There is no Ventura for the misfortunate,
All is the subtraction of fate: “One less, one less, one less”
He says of time’s monotone.
I am the servant of day’s unwanted list
A stroke of black lines over a series
Of names.
So he sets his brother to drift in the sky,
The last joy until the bullet comes to spoil
Everything.
They laugh for days as if they
Never remembered.
Joy is a holocaust that hatred promises.


6 comments

  1. I love this poem. Now I clearly see it is an after based on Brazilian film Abril Despedaçado (literally meaning “shattered April”:
    https://en.wikipedia.org/wiki/Behind_the_Sun_%28film%29), which in turn is based on a novel by Albanian writer Ismail Kadare, about the honor culture in the North of Albania.
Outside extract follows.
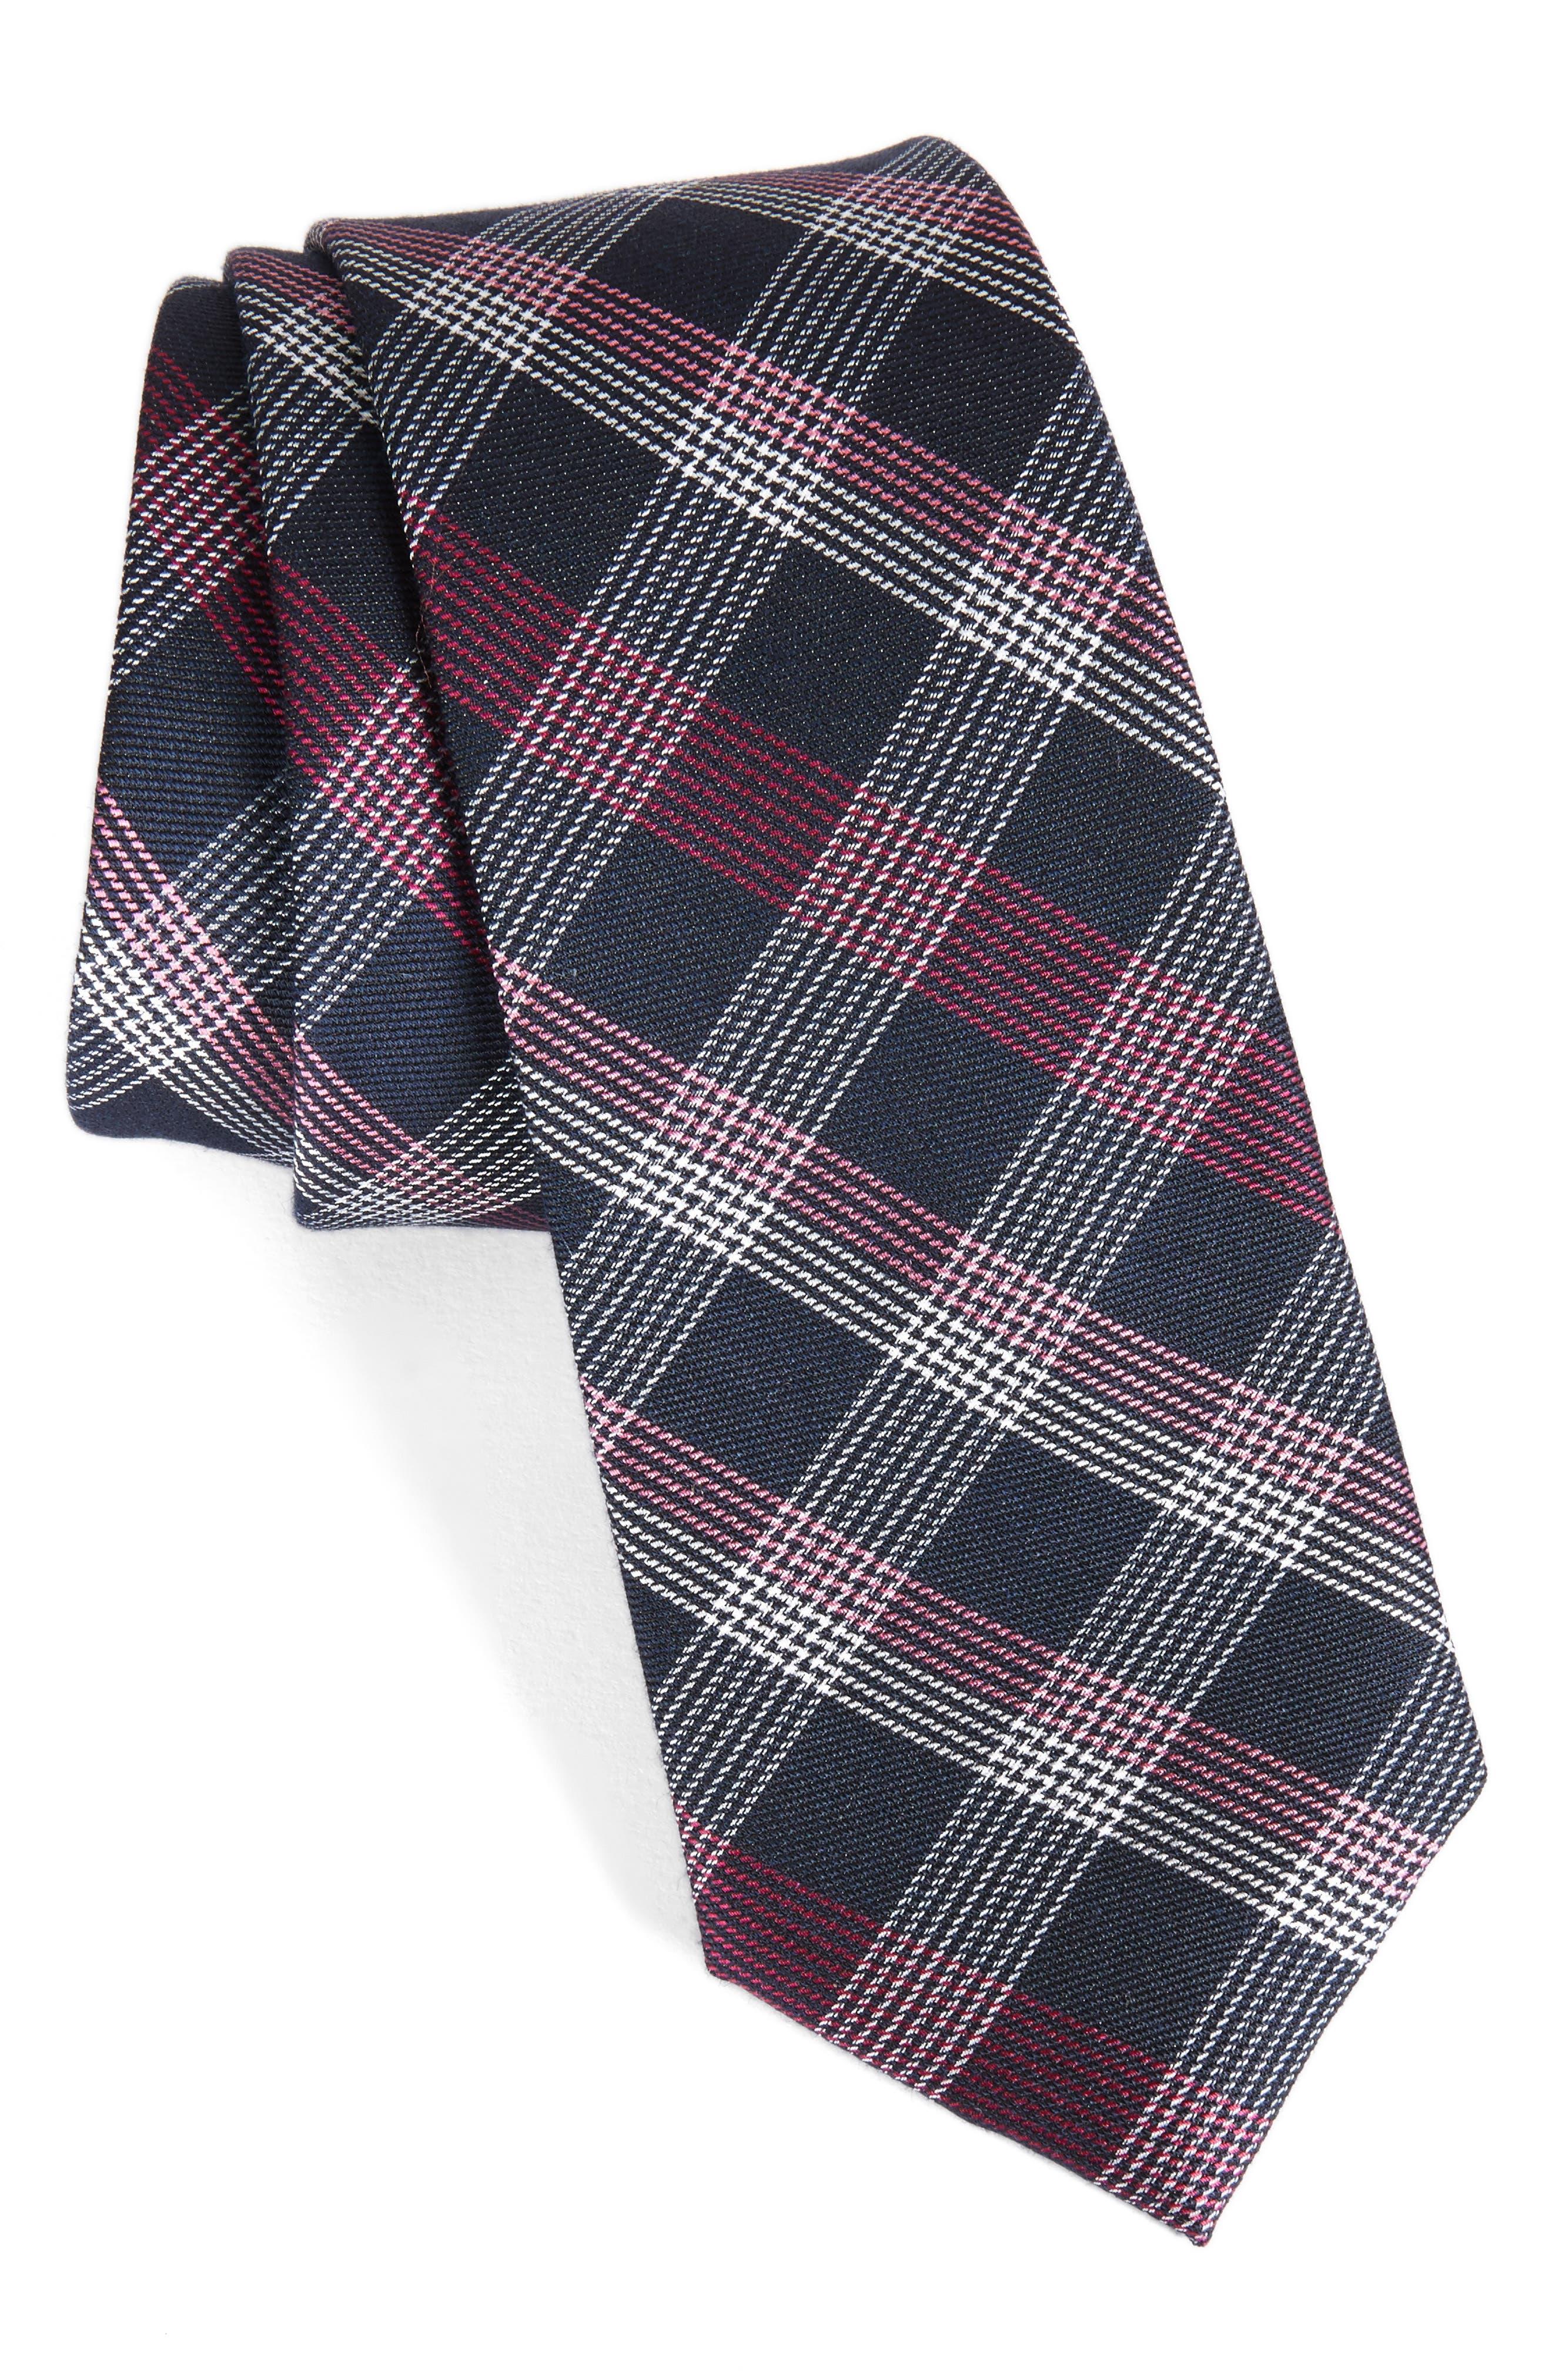 Calibrate Indigo Plaid Silk Tie

    My first reaction reading your poem (without knowing that connection with the film which I haven’t seen) was the following:

    This is a very tragic poem where people kill each other. It talks of blood, death and revenge (an eye for an eye) which could well refer to a question of family honor. The yellow color associated with the T-Shirt that has blood could symbolize the dark meaning of such color: betrayal, egoism and madness, which is actually what happens when people kill each other. Although everything is so dramatic there seems to be some hope. As the poem moves on there is some advice from a merchant: “You should follow progress”, probably somebody wanting to help in order to change this situation, this “lane that is treacherous.” However, the greatest hope in this poem seems to appear with the circus. It is fire and flame leading to love, even though the drama of human hate still goes on. I particularly love these two lines because I think they express exactly the aboved mentioned and are beautifully written:

    “In the night under a half-moon
    Hate floated into a mist of tenderness.”

    I also like the word play with “Ventura” (Latin word for “fortune” that has kept almost the same meaning in the Romance languages such as Portuguese, Catalan, Spanish…), and “There is no Ventura for the misfortunate”. The evil fate repeats itself, it does not change throughout time, so the brother is killed by a bullet and joy is a holocaust which is a contradiction. How can one find joy in killing others? Therefore, I think I can see a clear intention from you as the author in this last line. Your intention seems to be that of wanting to arouse rebellion in the reader against this unacceptable and unfair human behavior.

  2. Hello! My name is Amanda, and my job partner Marta gave me your poem to practise English and improve my knowledge. I’ve read it and I think that it’s a beautiful poem also a little bit sad. It talks about a love story that will never succeed because the situation in that place seems not to allow love stories. I think that this poem is telling us the truth, the reality about a context. It touches me.

    • Thank you Amanda. I think love, like Romeo and Juliet, leaks out of the cement cracks of our hard existences. There is a lot of pressure on us to merely survive and over time as we get older and our bodies ache and scream, yes love seems less and less like something we desire, and I say this as a compliment to human beings. We don’t want to burden others with our pain. We often feel less than lovable. I am so glad that the poem touches you. If it is the same for me, as when I read T.S. Eliot’s “The Wasteland,” I am on my knees thanking you. That is what I have always wanted.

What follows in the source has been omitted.